Python __rtruediv__() Magic Method


object.__rtruediv__(self, other)

The Python __rtruediv__() method implements the reverse true division operation with reflected, swapped operands. So, when you call x / y, Python attempts to call x.__truediv__(y). If the method is not implemented, Python attempts to call __rtruediv__ on the right operand and if this isn’t implemented either, it raises a TypeError.

We call this a “Dunder Method” for Double Underscore Method” (also called “magic method”). To get a list of all dunder methods with explanation, check out our dunder cheat sheet article on this blog.

Background True Division

The Python __truediv__() method is called to implement the normal division operation / called true division—as opposed to the floor division operation //.

For example to evaluate the expression x / y, Python attempts to call x.__truediv__(y).

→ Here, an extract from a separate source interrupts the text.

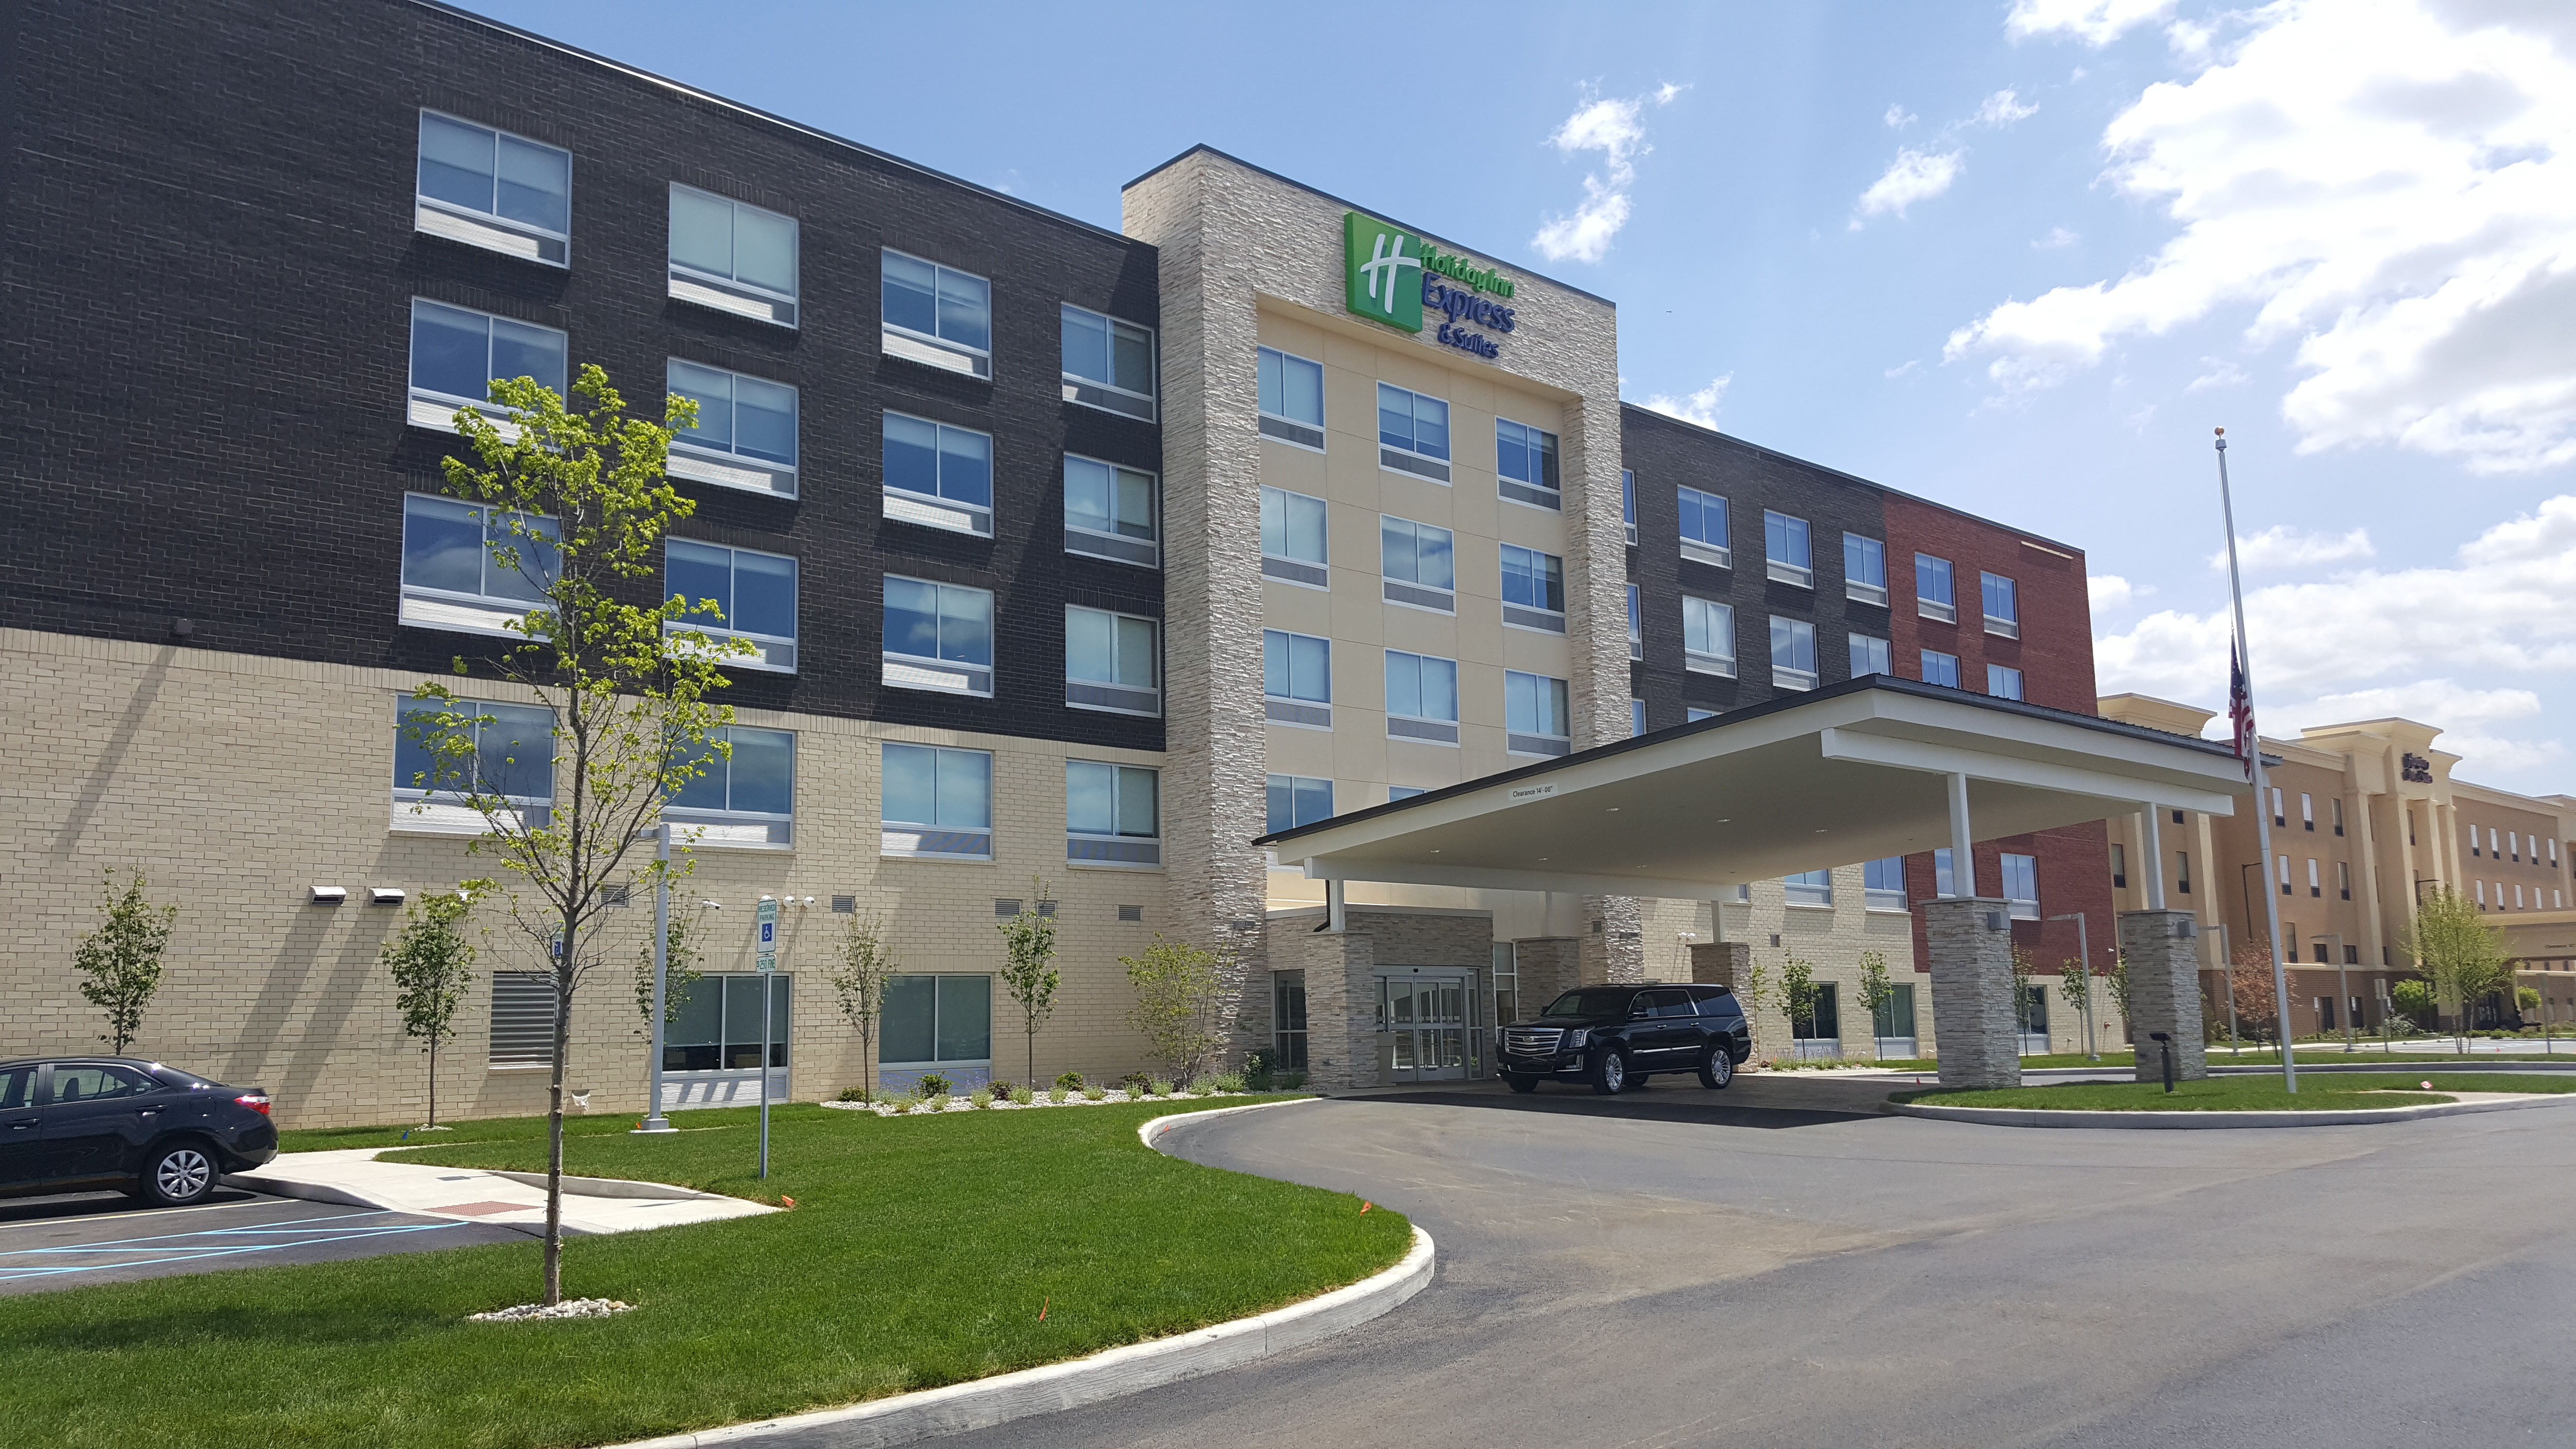 Welcome to Holiday Inn Express & Suites Toledo West!

In the following example, you create a custom class Data and overwrite the __truediv__() method so that it returns a dummy string when trying to divide two Data objects using the true division operation a / b.

class Data:
    def __truediv__(self, other):
        return '... my result of truediv...'

a = Data()
b = Data()
c = a / b

# ... my result of truediv...

To understand this operation in detail, feel free to read over our tutorial or watch the following video:

What’s the Difference Between __truediv__() and __rtruediv__()?

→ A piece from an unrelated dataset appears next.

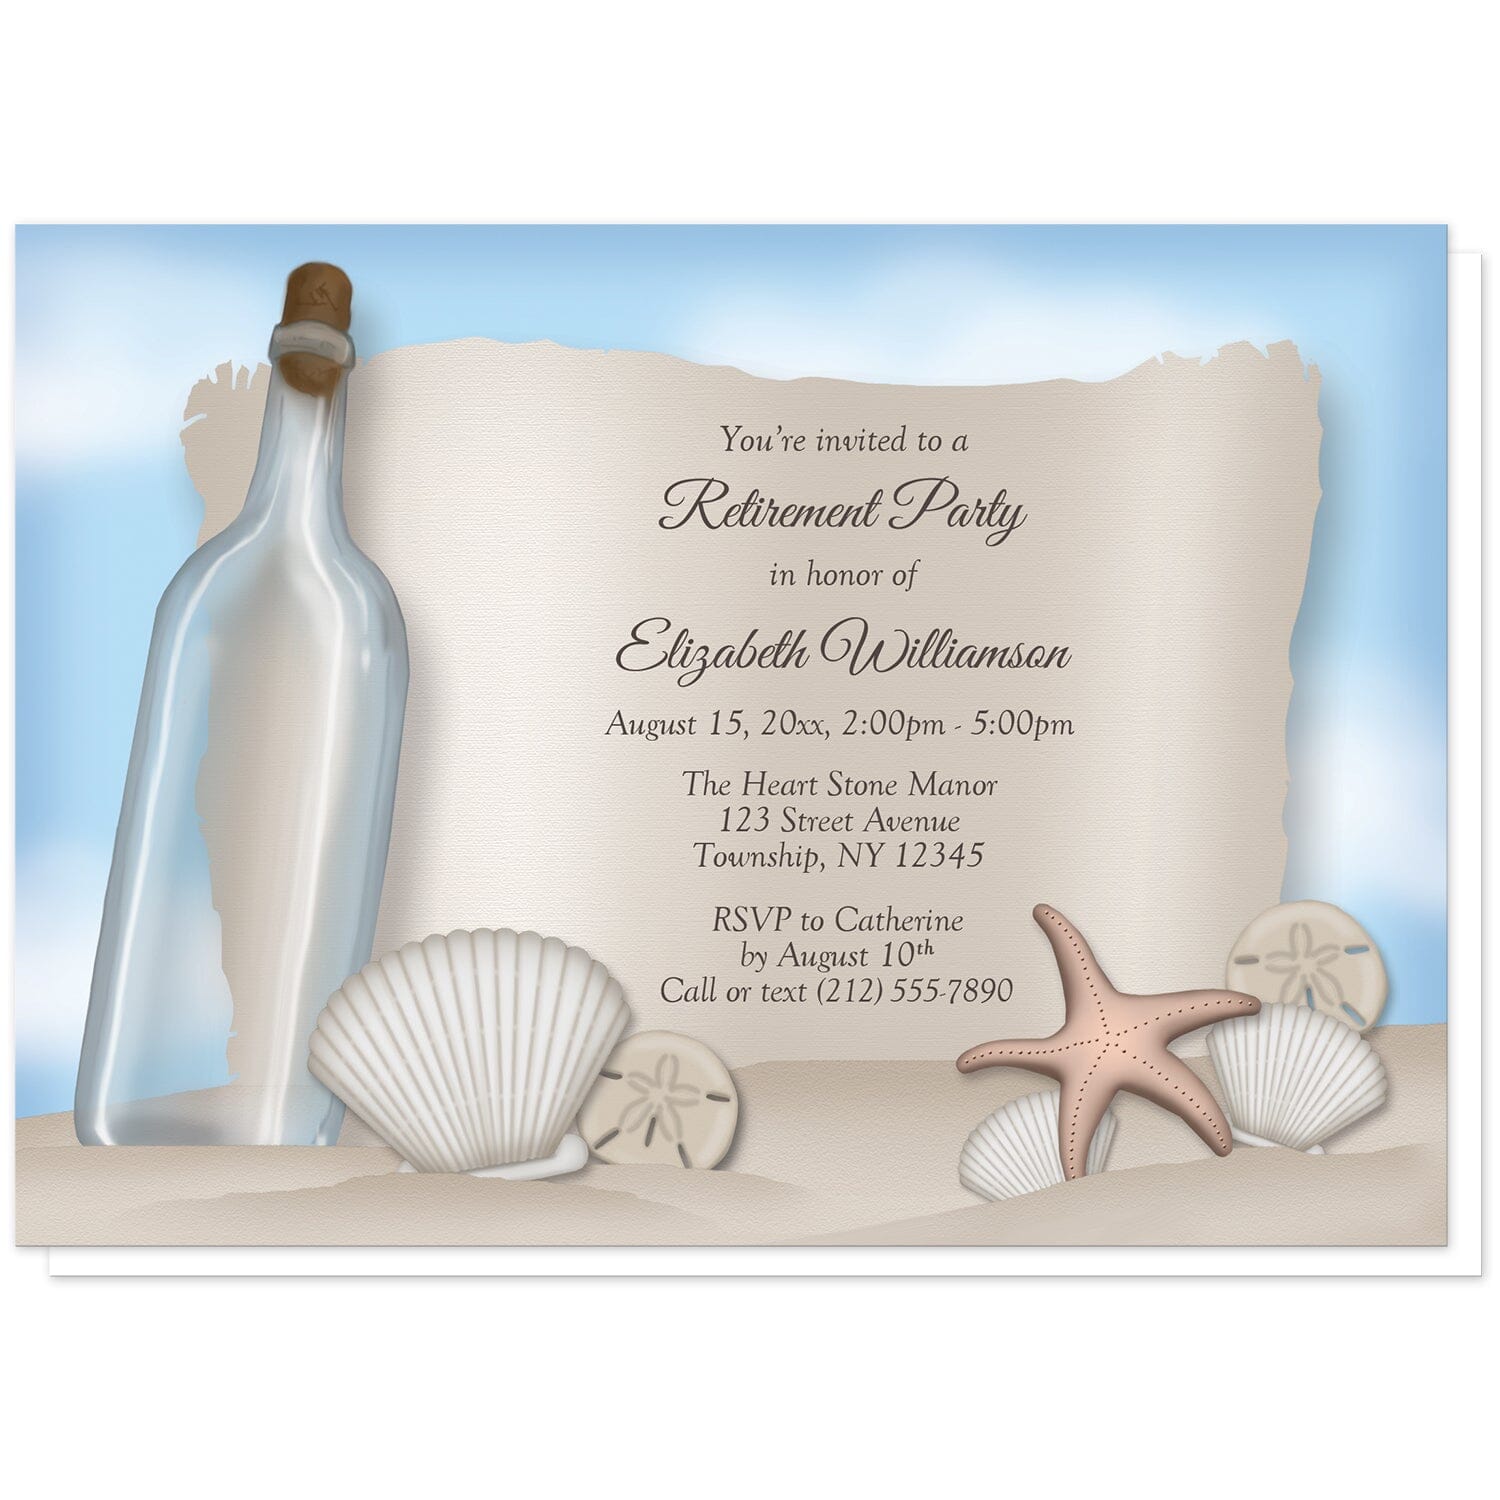 Message from a Bottle Beach Retirement Invitations at Artistically Invited. Message from a bottle beach retirement invitations with an "on the beach" and "message from a bottle" theme. They're designed with an illustrated empty glass bottle, a paper message area, beige sand, a blue sky, and assorted seashells. Your personalized retirement party details are custom printed in brown over the paper illustration.

Say, you want to divide two objects x and y using true division:

print(x / y)

Python first tries to call the left object’s __truediv__() method x.__truediv__(y). But this may fail for two reasons:

  1. The method x.__truediv__() is not implemented in the first place, or
  2. The method x.__truediv__() is implemented but returns a NotImplemented value indicating that the data types are incompatible.

If this fails, Python tries to fix it by calling the y.__rtruediv__() for reverse true division on the right operator y. If this method is implemented, Python knows that it doesn’t run into a potential problem of a non-commutative operation. If it would just execute y.__truediv__(x) instead of x.__truediv__(y), it could cause an error if the operation is non-commutative. That’s why y.__rtruediv__(x) is needed which indicates that true division is possible after all.

So, the difference between x.__truediv__(y) and x.__rtruediv__(y) is that the former calculates x / y whereas the latter calculates y / x — both calling the respective true division method defined on object x.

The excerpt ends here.